Exercise:
Exactly as they appear below, repeat the lines from the one with "180825_Hochzeit_Berlin_Wannsee_Almhuette_Loretta_web_0004.jpg" through the one with "Luxury Bag Hermes". Drop every picture.

Start of Information given

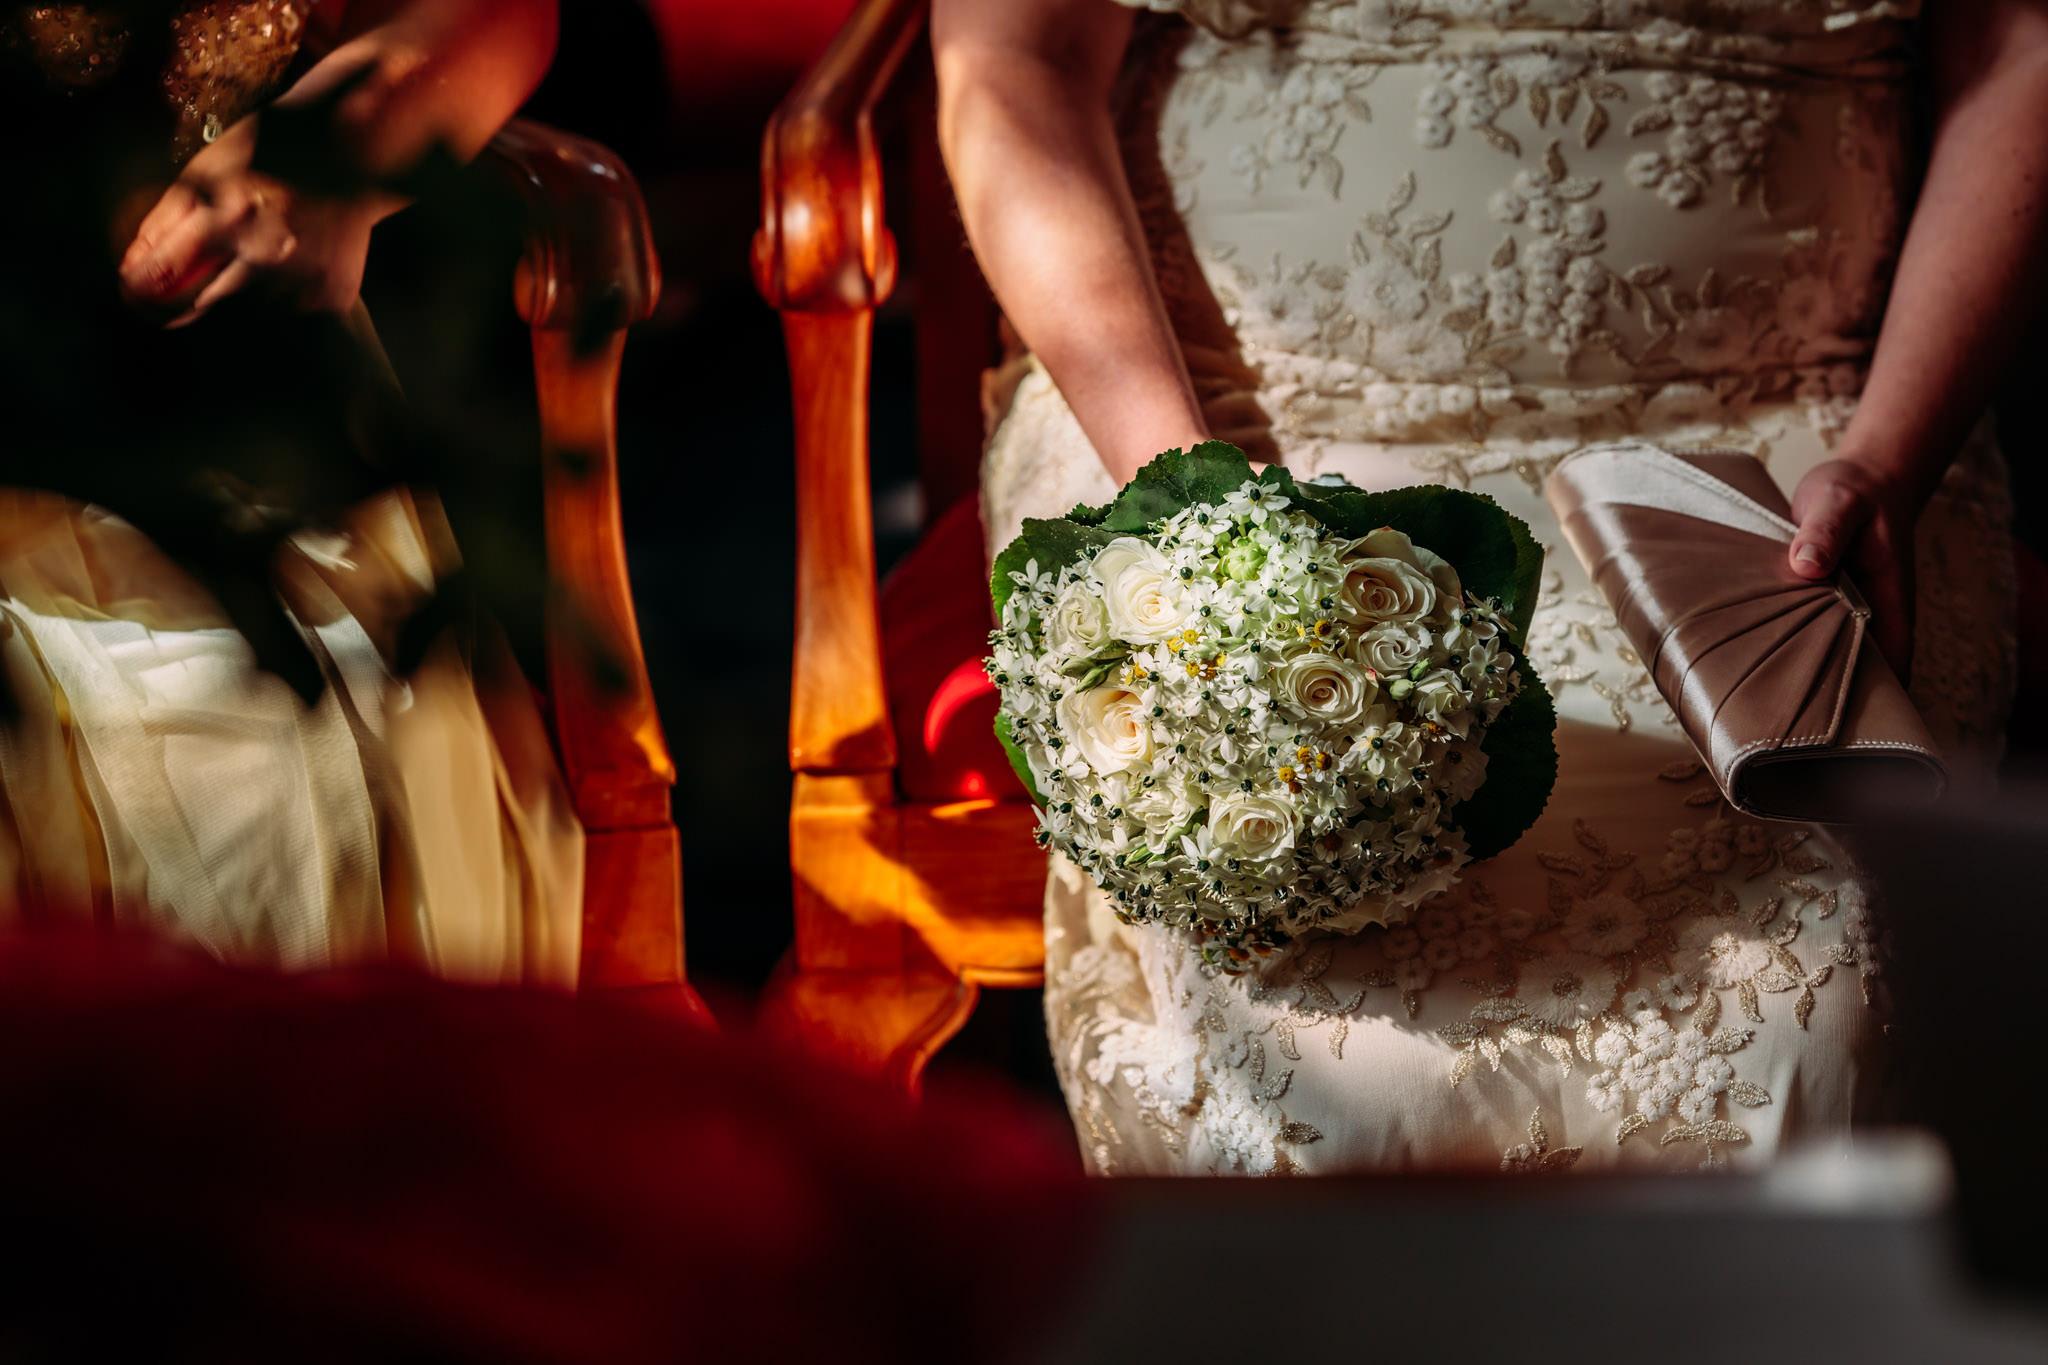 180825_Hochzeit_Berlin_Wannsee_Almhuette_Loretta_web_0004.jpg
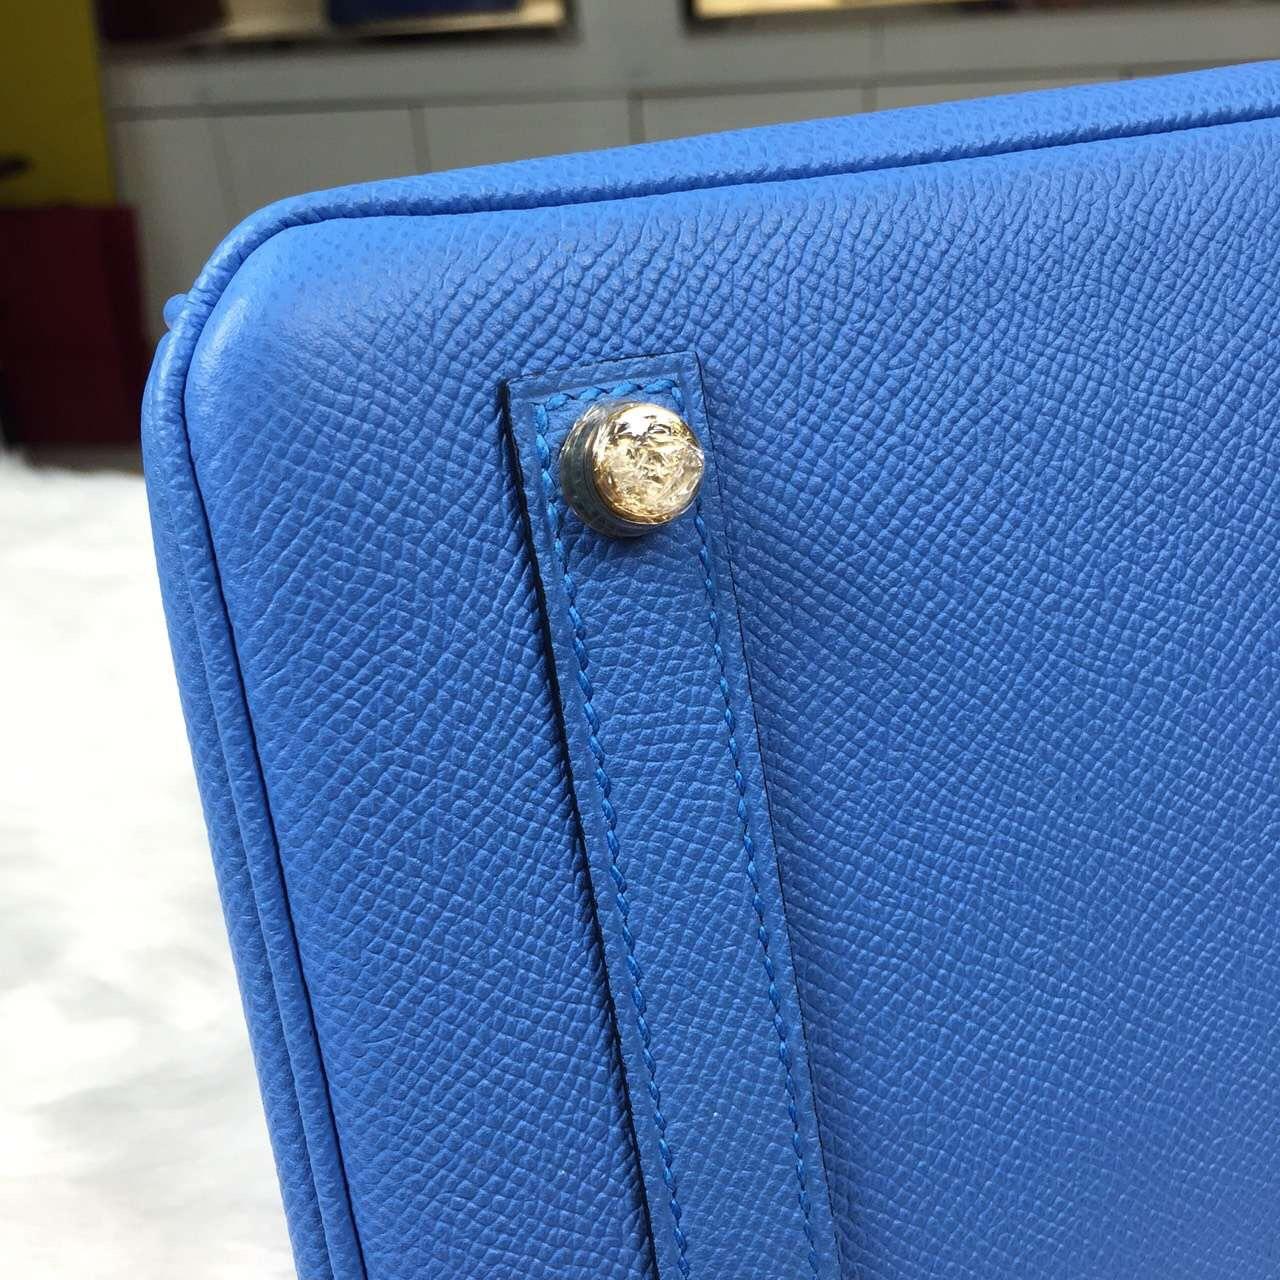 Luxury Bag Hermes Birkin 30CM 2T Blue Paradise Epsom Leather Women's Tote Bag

End of Information given
Start of Information given

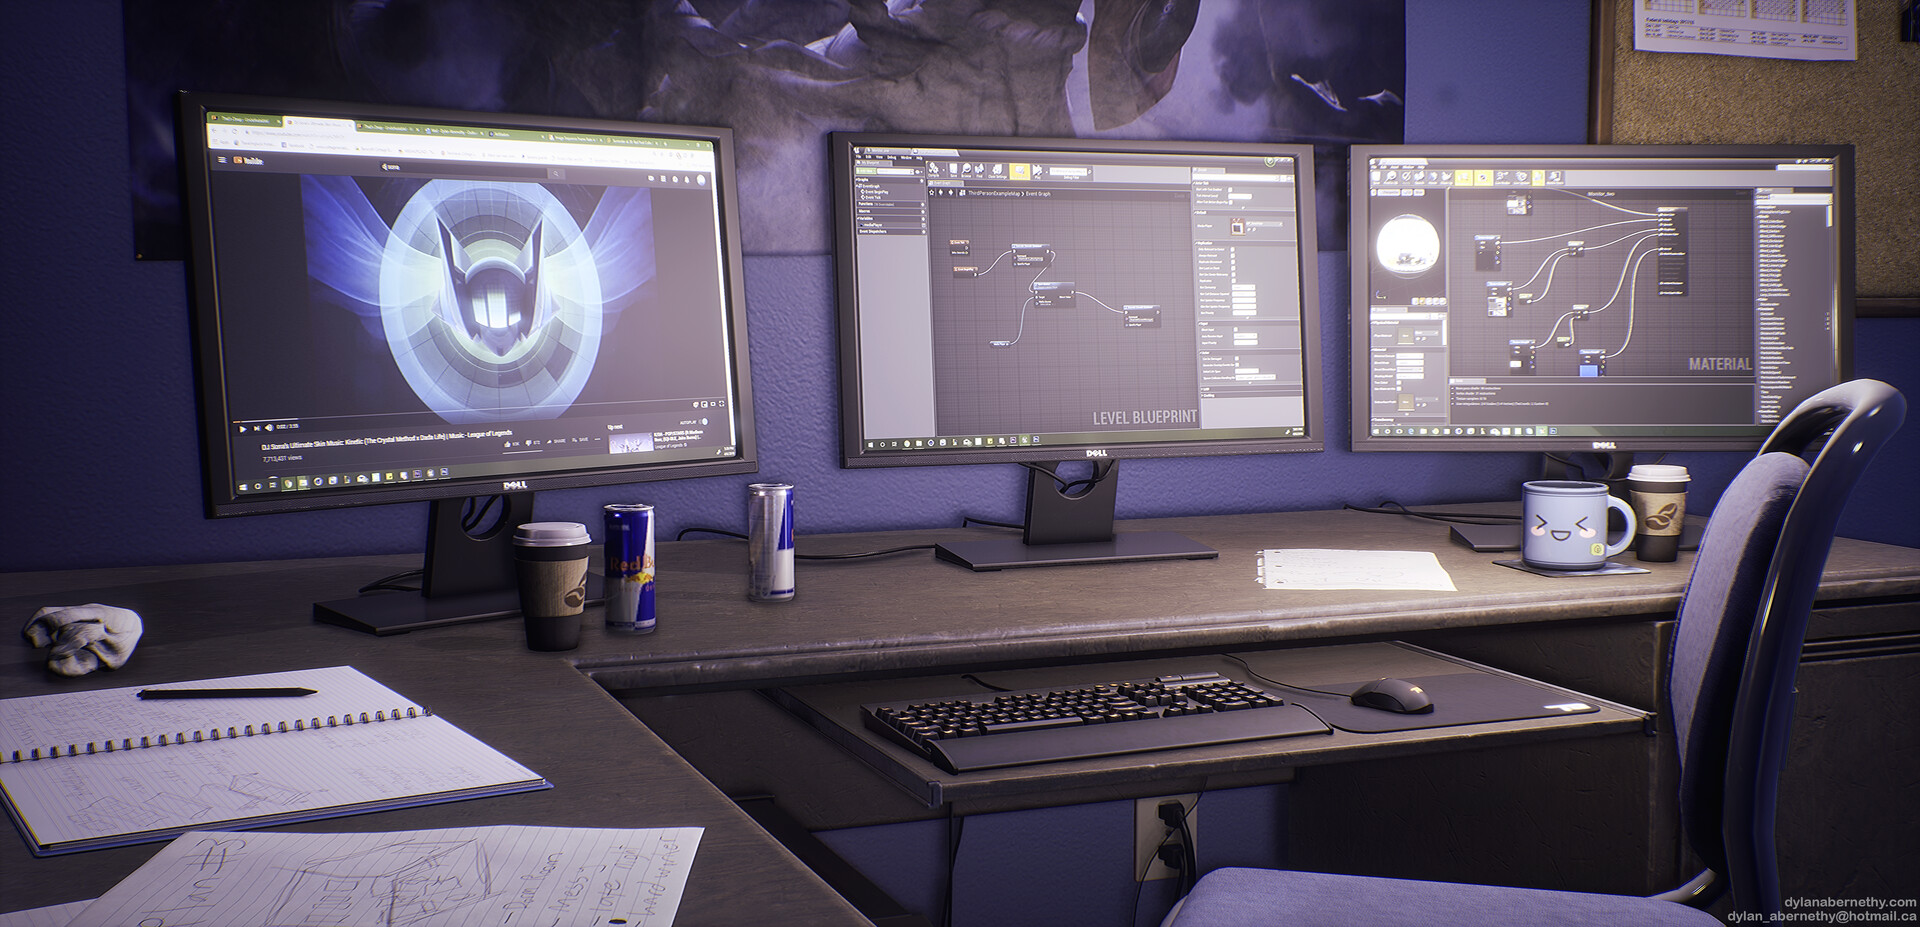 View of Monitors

End of Information given

Output below:
 180825_Hochzeit_Berlin_Wannsee_Almhuette_Loretta_web_0004.jpg
 Luxury Bag Hermes Birkin 30CM 2T Blue Paradise Epsom Leather Women's Tote Bag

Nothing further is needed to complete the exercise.